Tillage is the process by which farmers prepare their fields for seeding by digging, turning, or otherwise disturbing the top layer of soil. Usually, farmers till the land to bury residue and nutrients left in the top layer of soil from a previous crop in their rotation, to reduce soil compaction, to incorporate manure or fertilizer, or to help control weeds. It has traditionally been an important practice for farmers around the world.
In recent years, though, conservation tillage (or zero tillage, or no-till) has become an increasingly popular way for farmers to reduce their environmental impact. By tilling less, or not tilling at all in fields that can handle it, farmers can reduce their impact on the soil structure, reduce the potential for top layer erosion, and reduce soil compaction (the fewer times a heavy piece of farm equipment runs over a parcel of land, the better–especially when it comes to heavy planters and grain bins). The biggest benefit to farmers who practice conservation tillage is cost savings: labour, equipment, and most of all, fuel costs can be drastically reduced by implementing a conservation tillage strategy.

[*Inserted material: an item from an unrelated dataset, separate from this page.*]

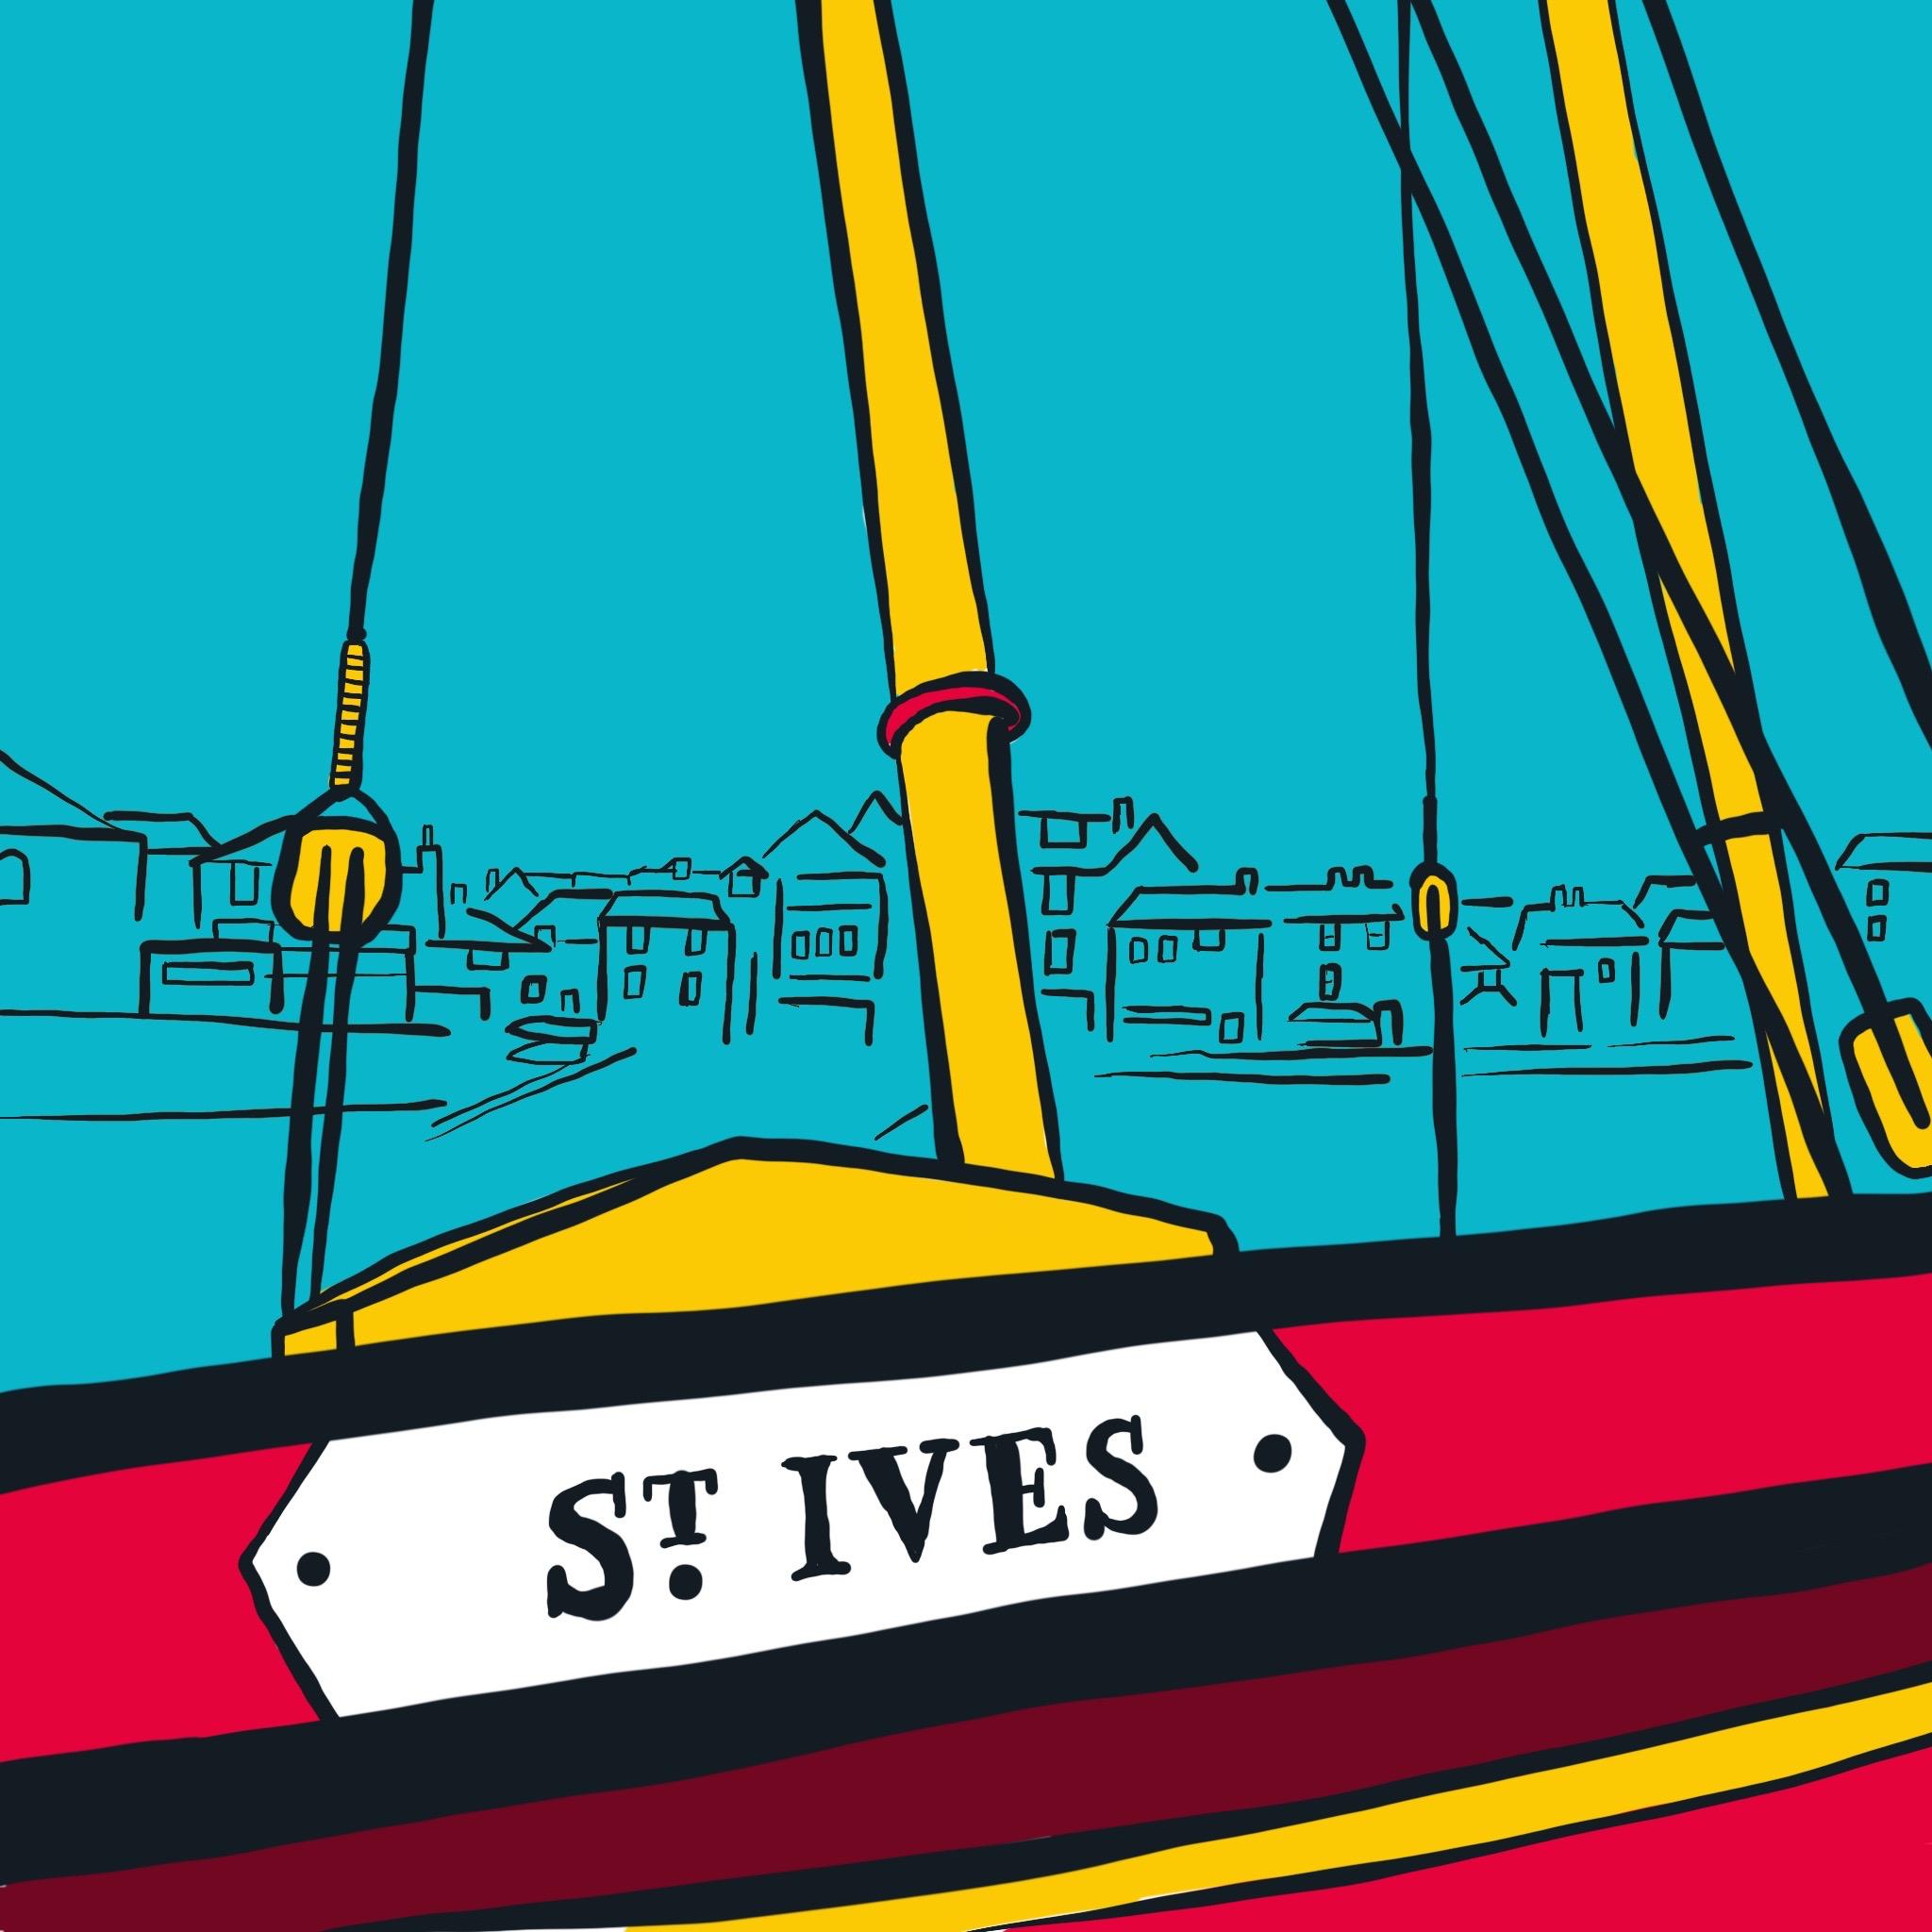 St Ives illustrations

The downsides of reducing tillage can be significant: not only is there a risk of carrying over plant diseases or pests from previous crops (they’ll remain right at the surface without tillage), but it’s very difficult to control weeds without mechanical tillage. Modern conservation tillage practices are only possible because of advances in biotechnology: GM crops that are resistant to herbicides.
Because the potential cost and environmental savings are so enticing, grain farmers are very interested in furthering research in no-till practices in Ontario; especially new alternatives to mechanical weed control. One thing is for certain: conservation tillage is here to stay.